Social media use contributing to poor mental health in Indonesia, research finds
Social media use is contributing to poor mental health in Indonesia, research presented in a paper by Sujarwoto Sujarwoto, Gindo Tampubolon and Adi Cilik Pierewan has found.
The paper examines the specific effect of social media on mental health in the developing country.
It found that social media had a detrimental effect on mental health – as has been documented globally. But the authors noted specifics to developing countries such as Indonesia.
Researchers said that the country’s high levels of inequality are highlighted on social media leading to envy and resentment at seeing happy, positive social media images of how others live.
Inequality in Indonesia has been rising fast since 2000 and the country has the third-fastest-growing economy among the G20 economies.
It has a rising consumer class which contrasts starkly against those with less education or unable to get employment.
Indonesia's transition to democracy has also played out on social media with negative results.
A cacophony of news about government failures, corruption, crime, conflicts and poverty is amplified on social media on a daily basis – providing little escape for the country’s citizens.
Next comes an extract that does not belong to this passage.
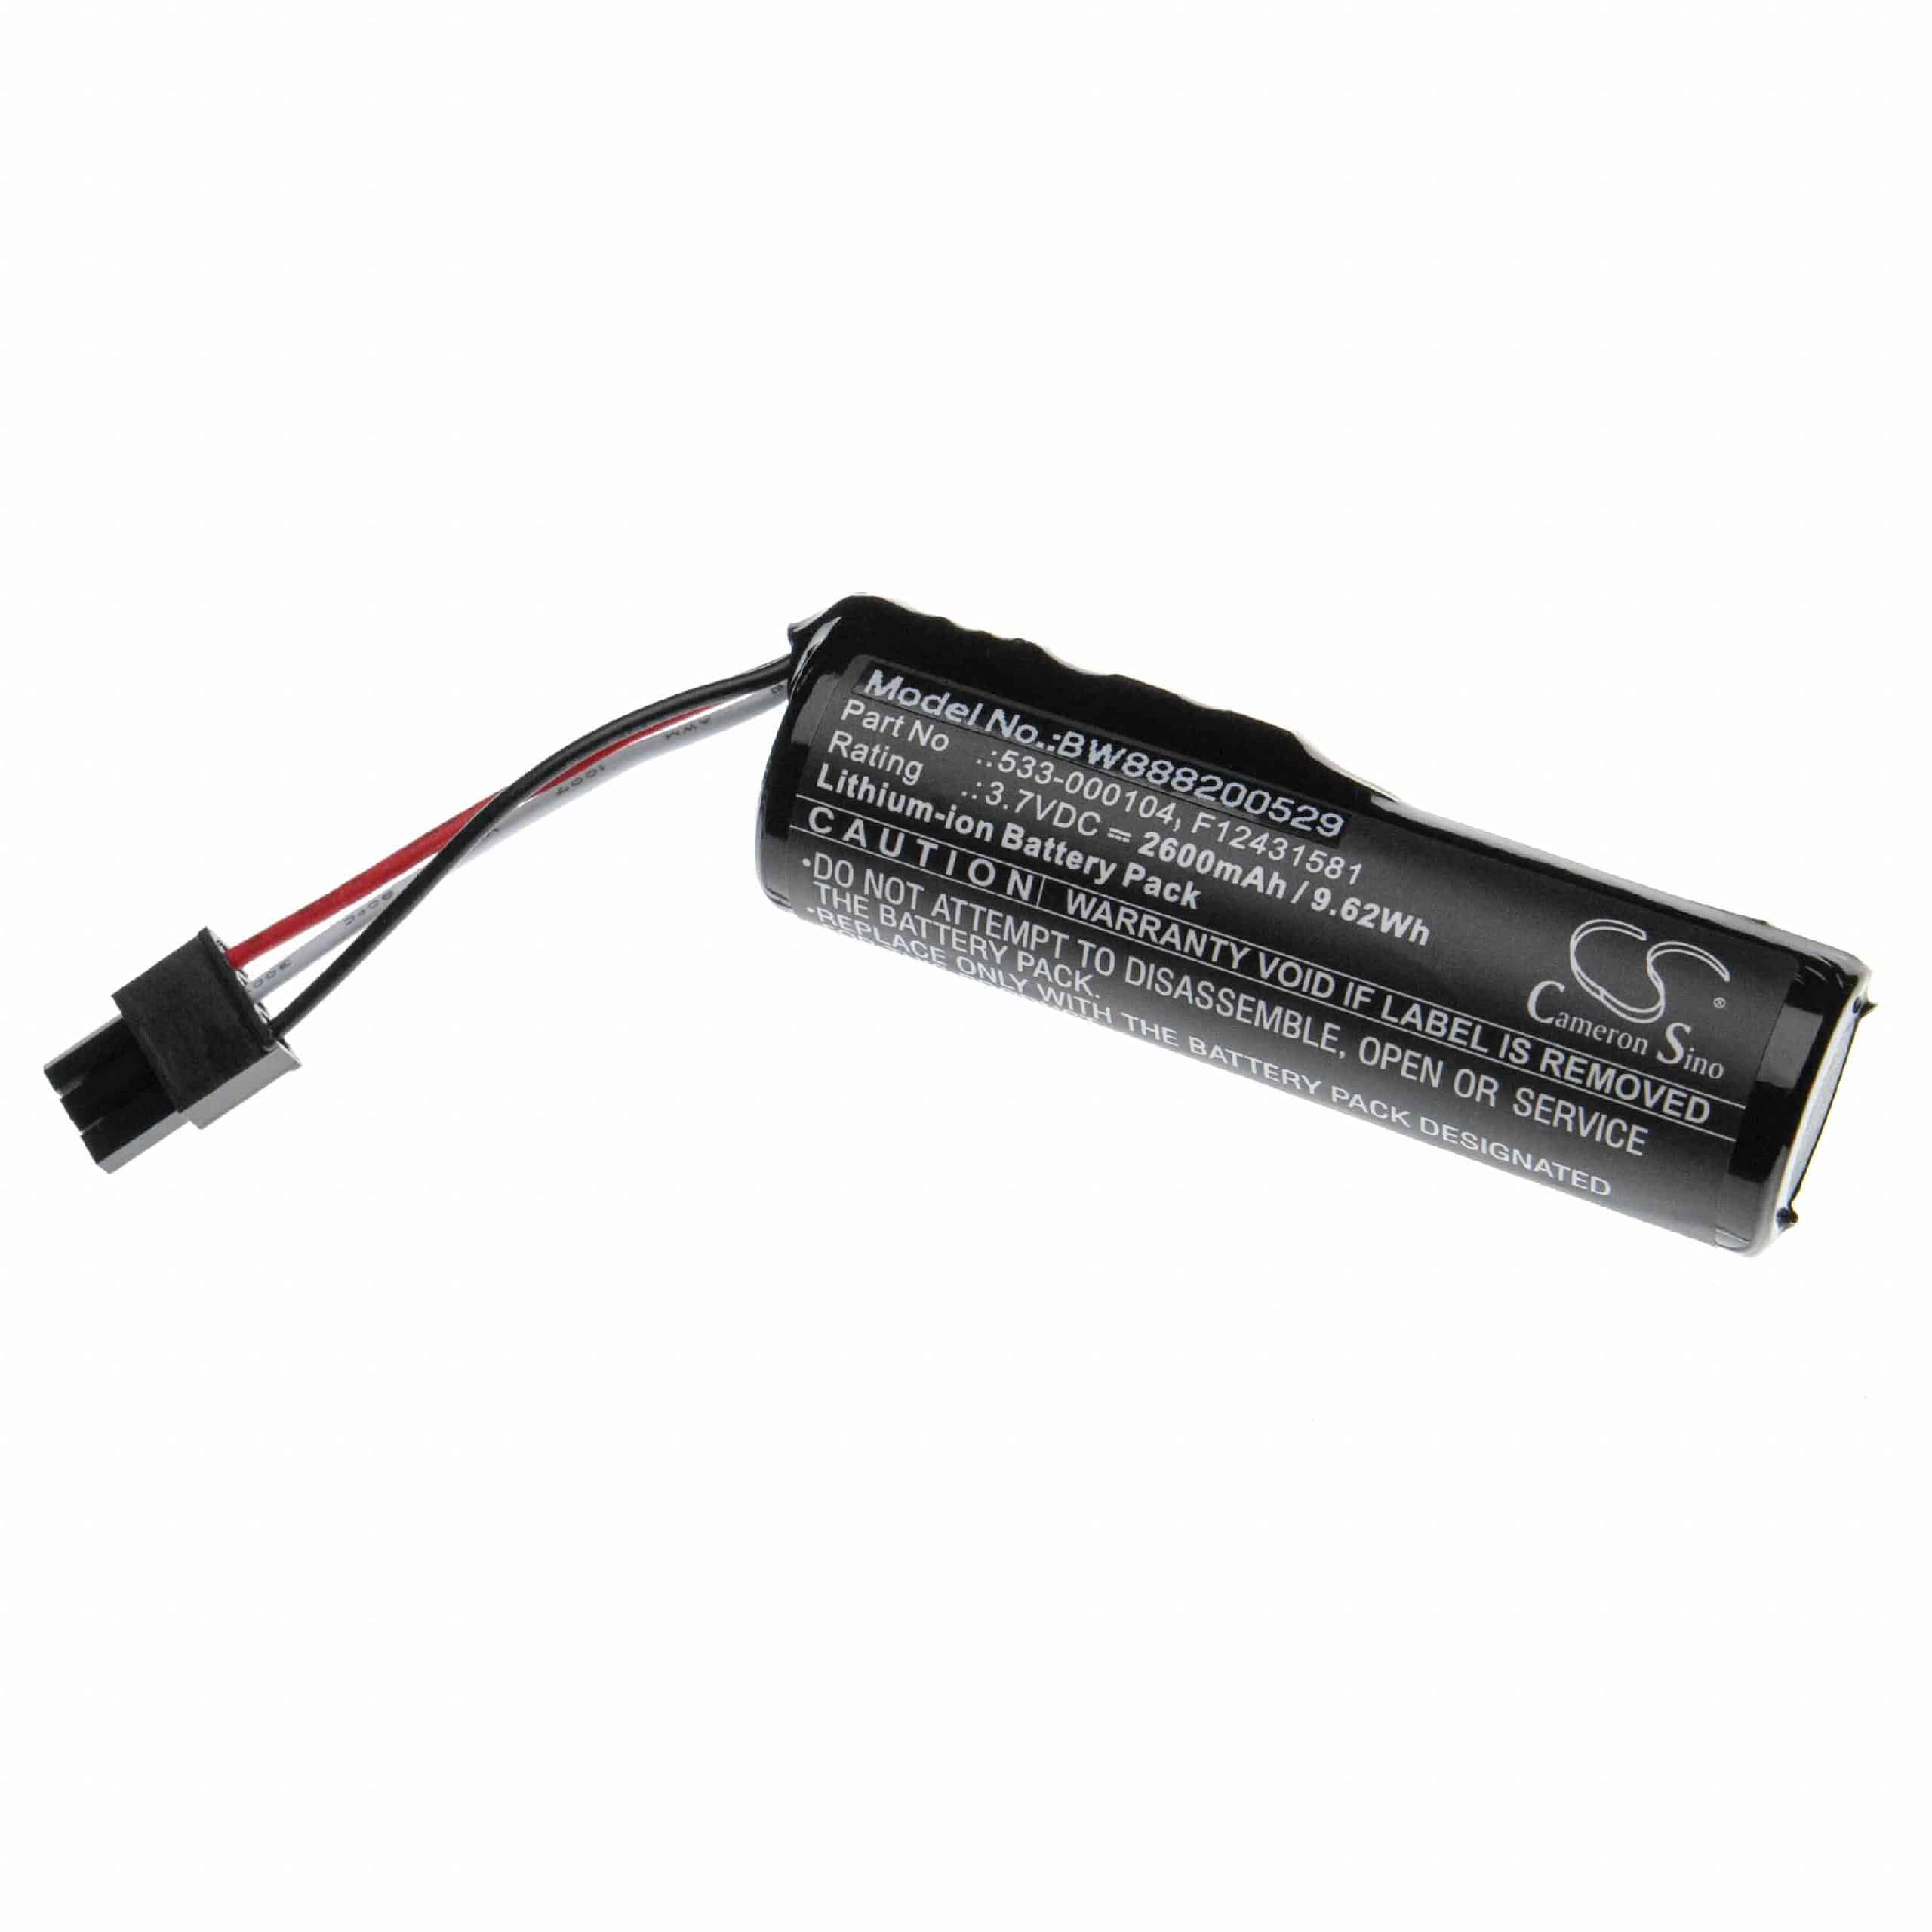 Batterie remplace Logitech F12431581, 533-000104, 533-000138 pour enceinte Logitech - 2600mAh 3,7V Li-ion

The study looked specifically at Facebook, Twitter and chat, and analysed 22,423 individuals across nearly 300 districts of the country.
Social media is incredibly popular in Indonesia; Facebook reported a total of 54 million individual users in Indonesia, making it the fourth largest Facebook-using country in the world, while Twitter reported 22 million Indonesian users, putting the country in fifth place worldwide.
Twitter also reported that Indonesian users publish a total of 385 ‘Tweets’ per second on average.
Meanwhile, mental disorders are becoming a major burden in the country.
Based on the latest Indonesia Basic Health Research survey 2018, the prevalence of individuals with mental disorders in the country is an estimated 11.8 million people.
Global Development Institute researcher Gindo Tampubolon said: “It’s a strong reminder that these technologies can have a downside.
"We would like to see public health officials think creatively about how we can encourage citizens to take a break from social media or be aware of the negative consequences it can have on mental health.”
The authors call for public health interventions and policies advocating wise use of online social media to prevent increased mental illness driven by excessive social media use in Indonesia.